[[ DATASET EXCERPT open ]]

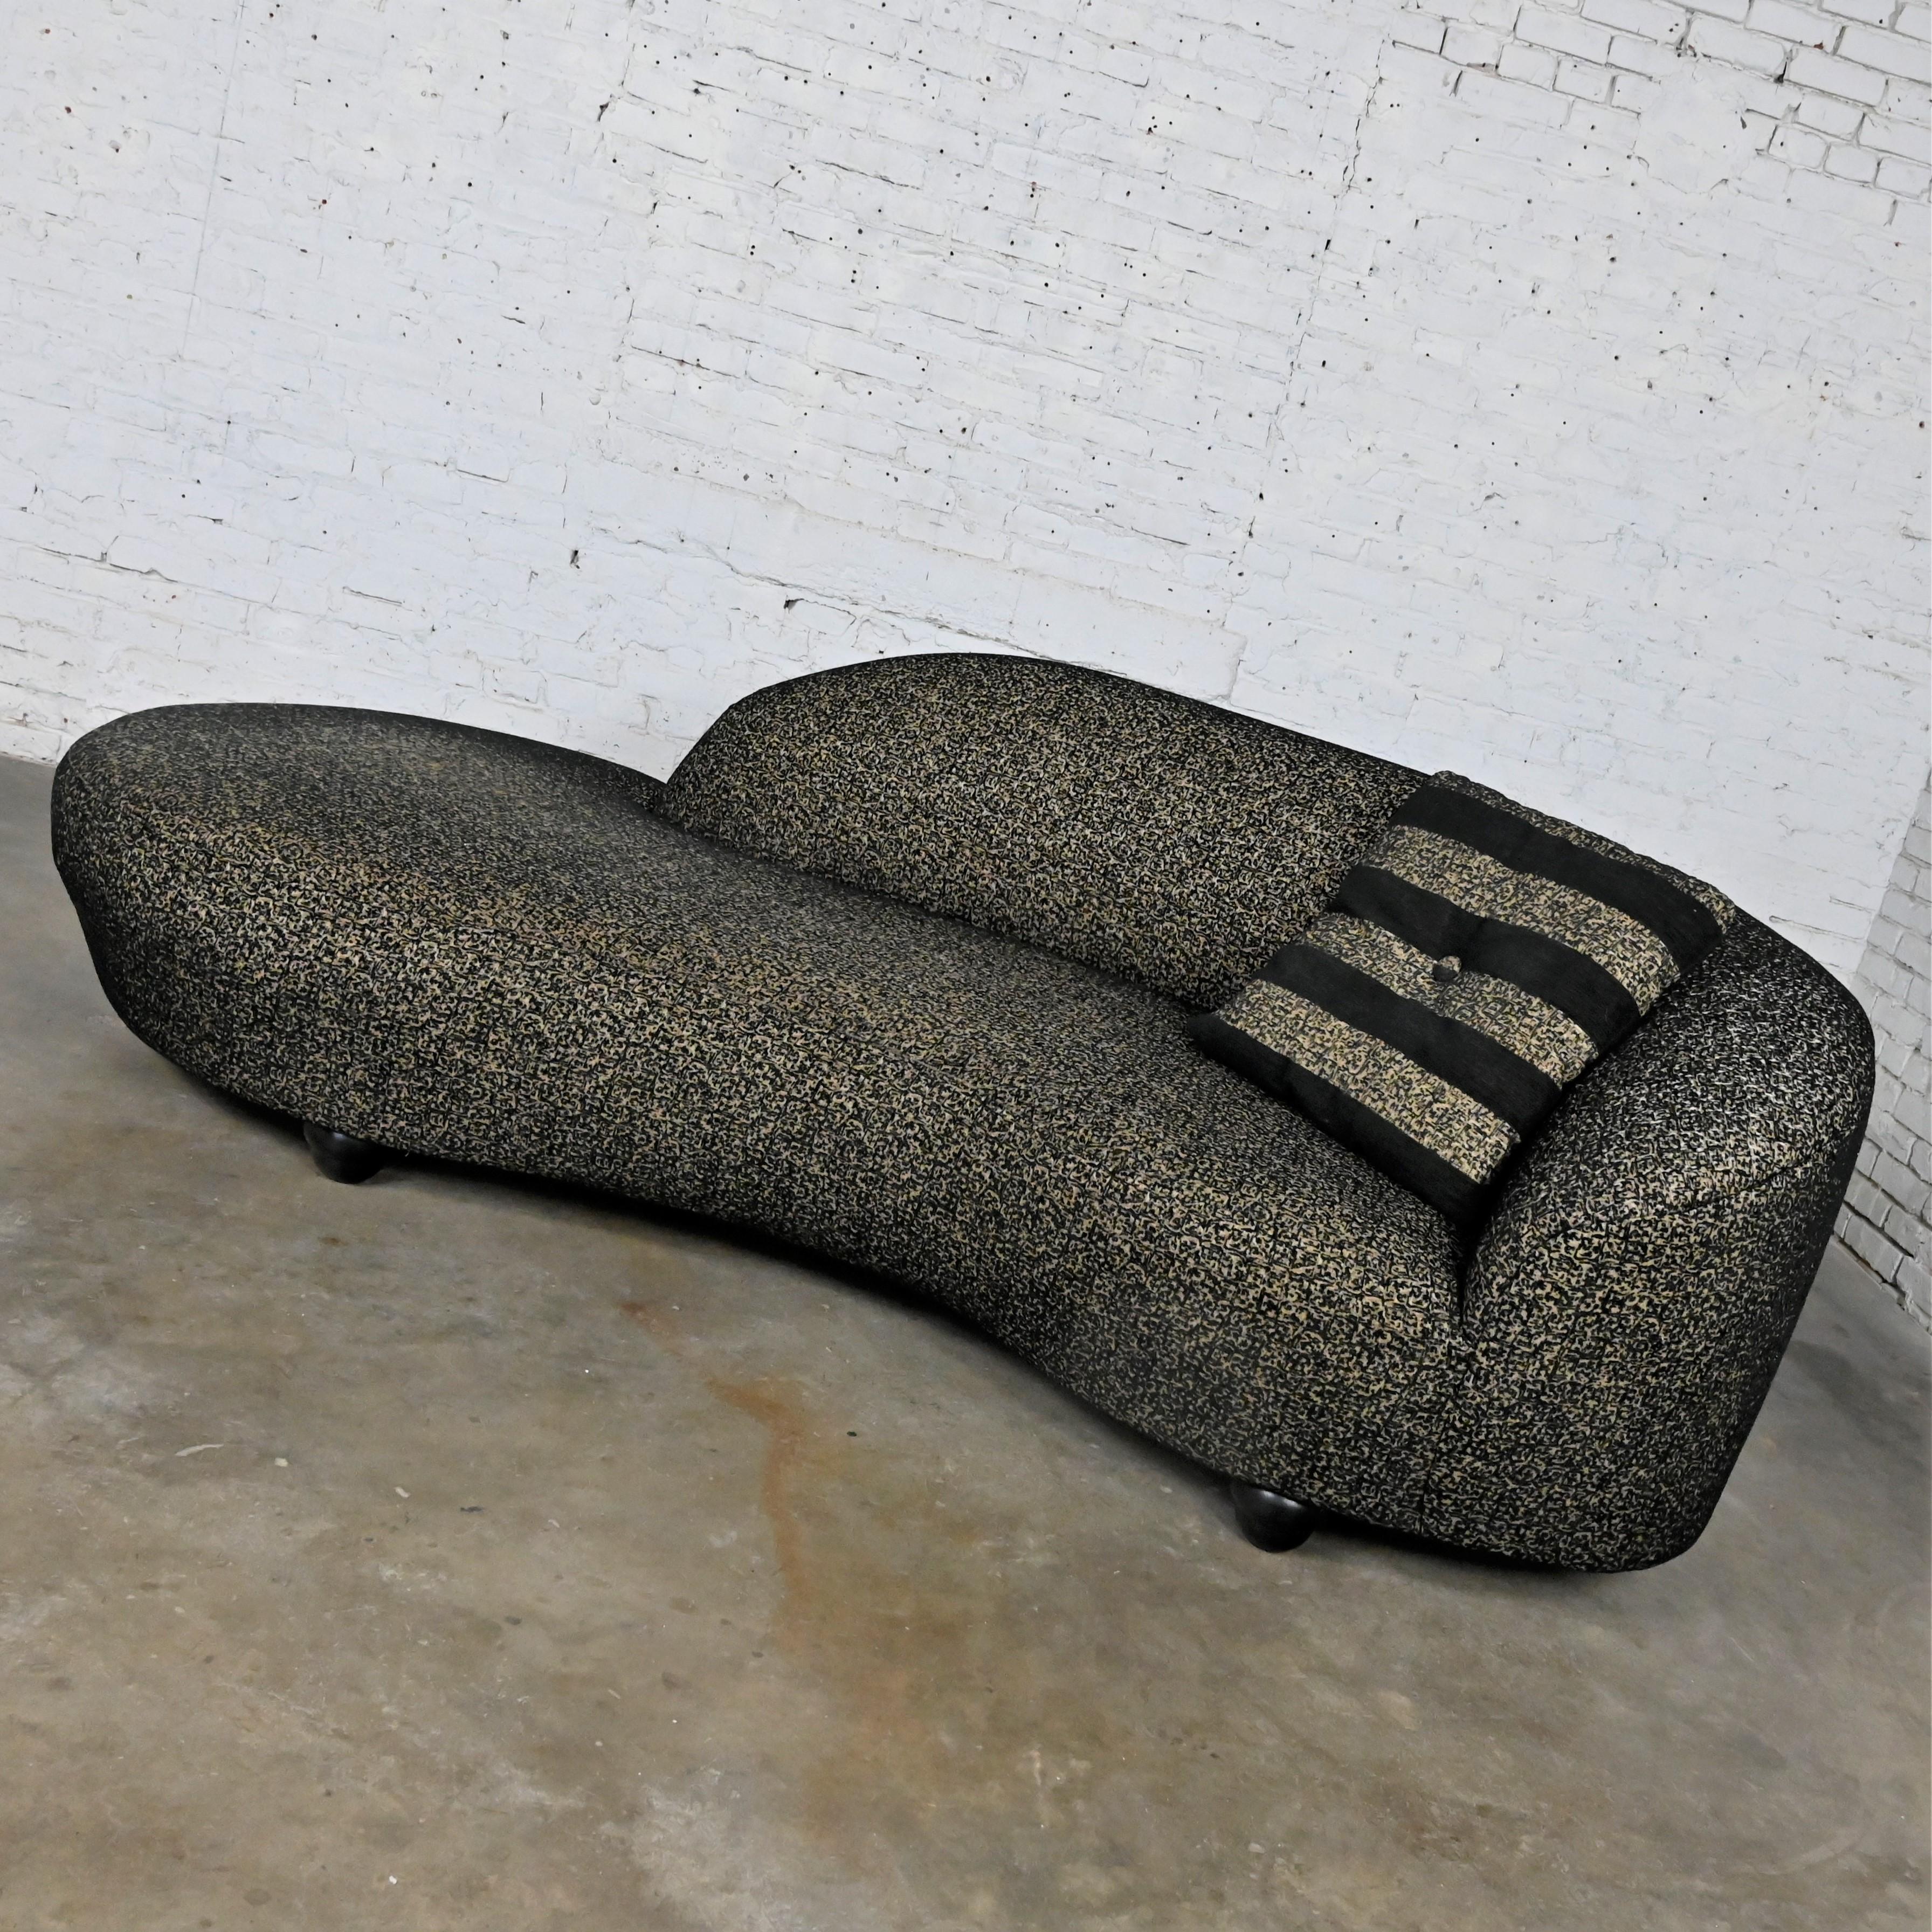 Hübsches postmodernes schwarzes und khakifarbenes Serpentinen-Sofa in Wolkenform oder biomorphes Sofa mit Kissen auf gestapelten, konzentrischen, abgerundeten Beinen. Schöner Zustand, im Auge behalten, dass dies Vintage und nicht neu ist, so wird
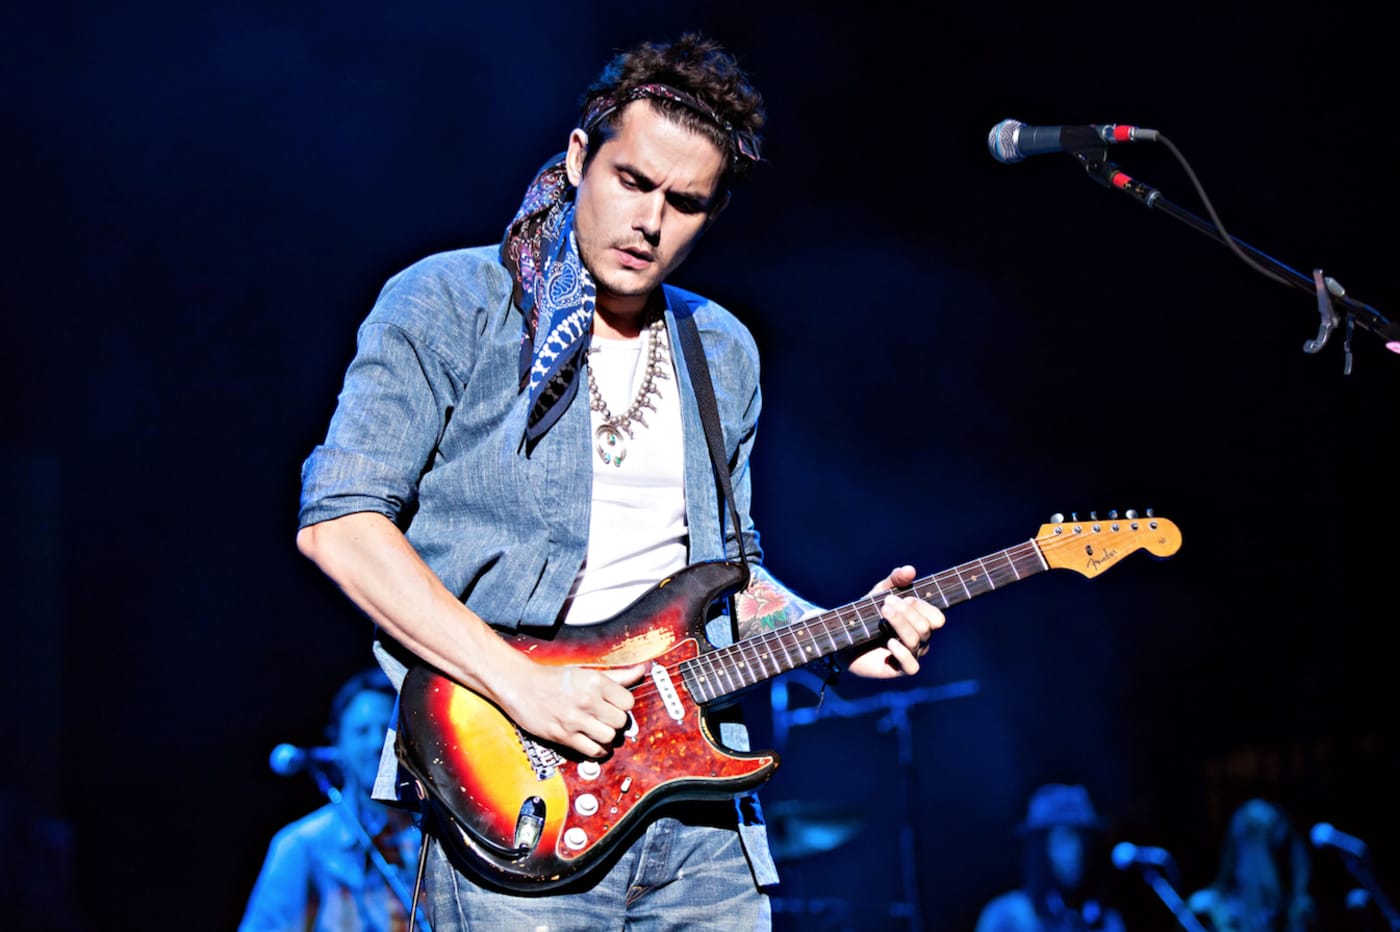 How to play blues like John Mayer
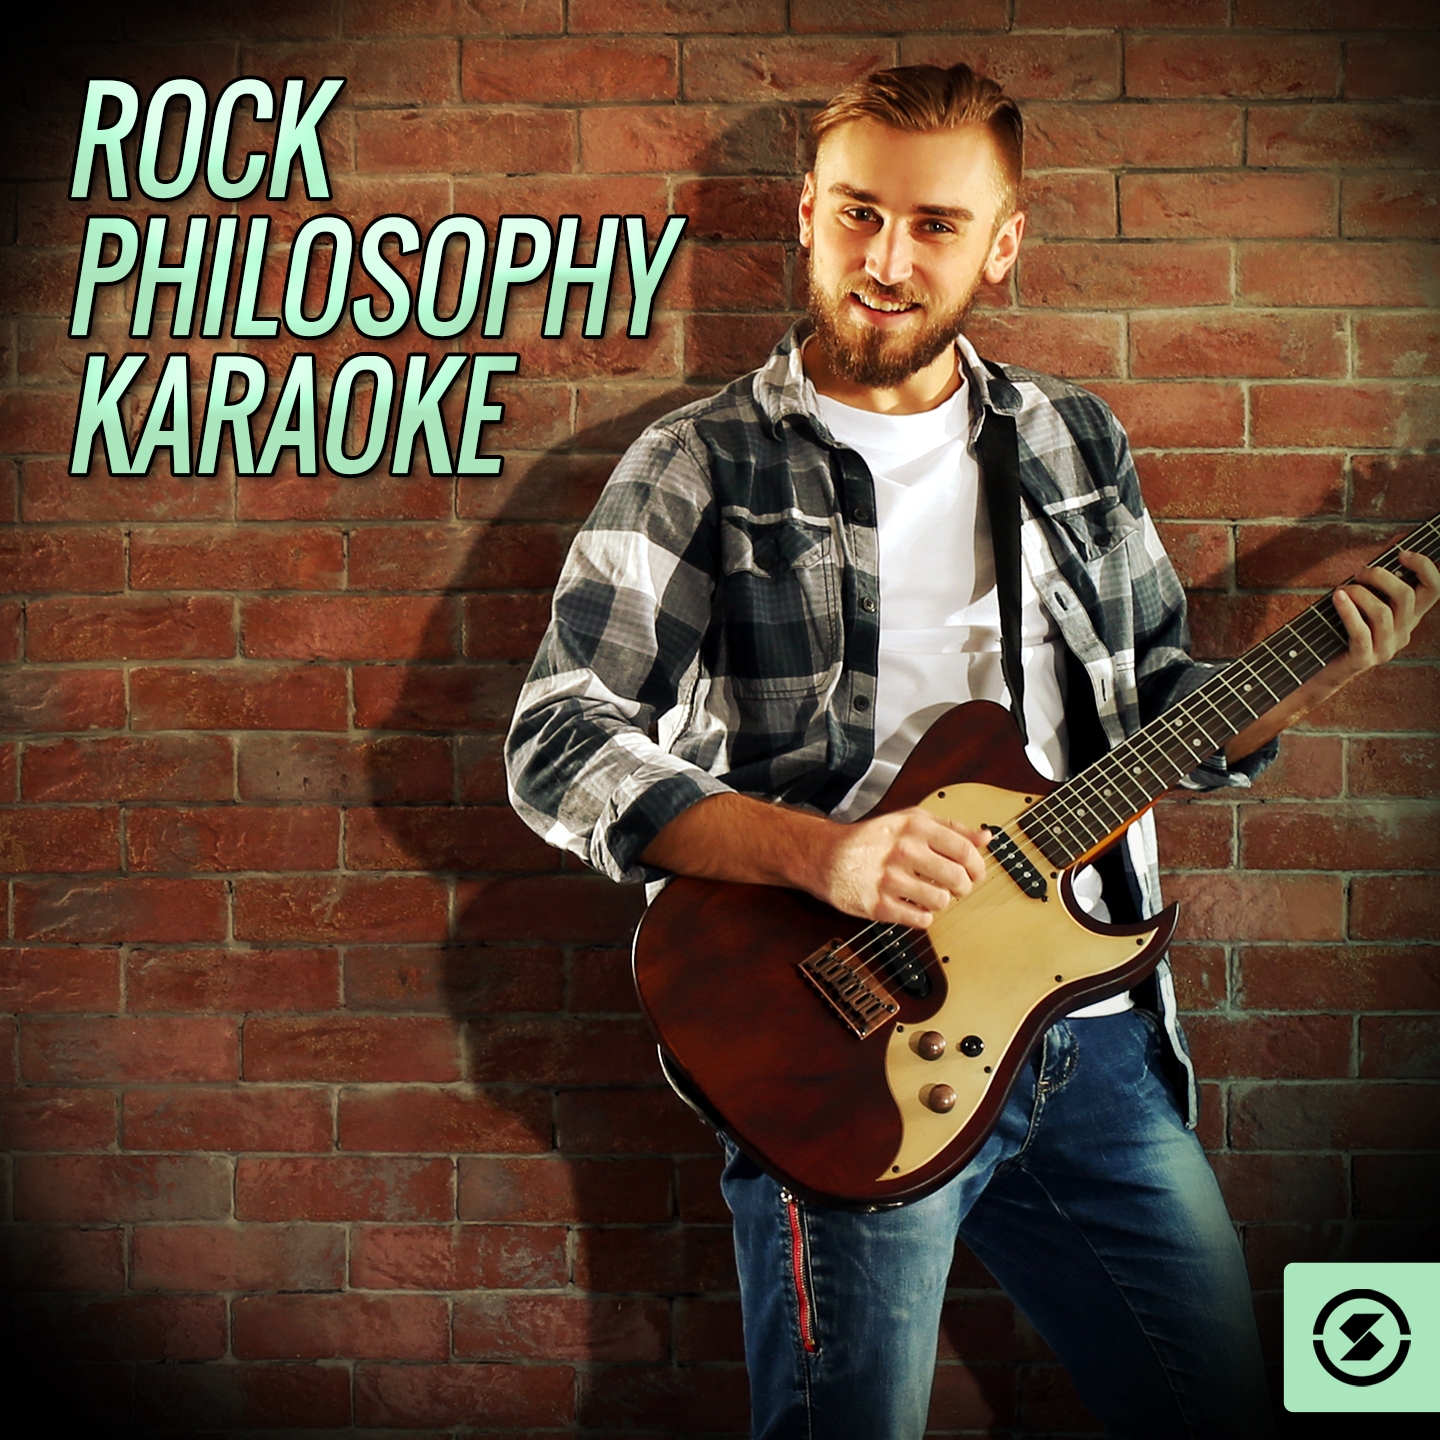 Rock Philosophy Karaoke
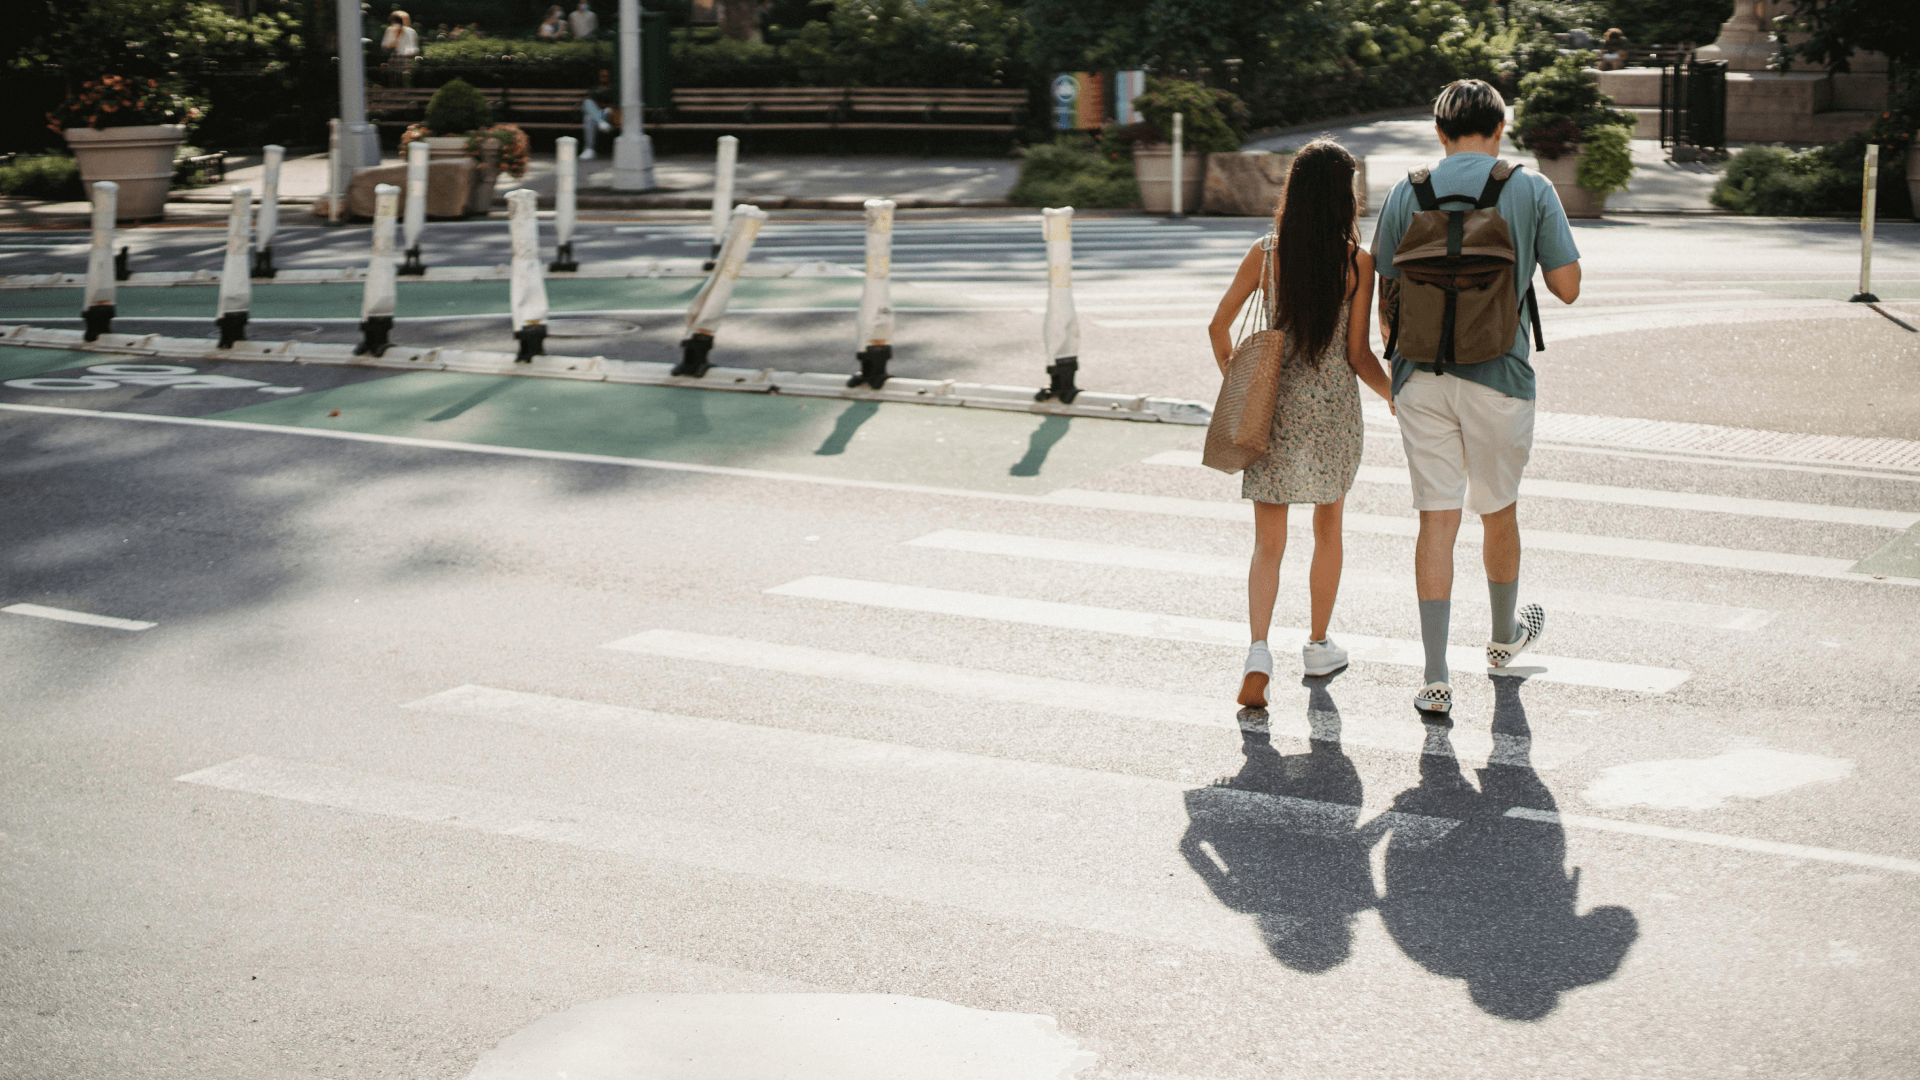 A couple walking across a street on a crosswalk

[[ DATASET EXCERPT closed ]]

# [ABOUT THIS EXERCISE]
Leaving out the pictures, output the listing above exactly as given.

# [TASK RESULT]
 Hübsches postmodernes schwarzes und khakifarbenes Serpentinen-Sofa in Wolkenform oder biomorphes Sofa mit Kissen auf gestapelten, konzentrischen, abgerundeten Beinen. Schöner Zustand, im Auge behalten, dass dies Vintage und nicht neu ist, so wird
 How to play blues like John Mayer
 Rock Philosophy Karaoke
 A couple walking across a street on a crosswalk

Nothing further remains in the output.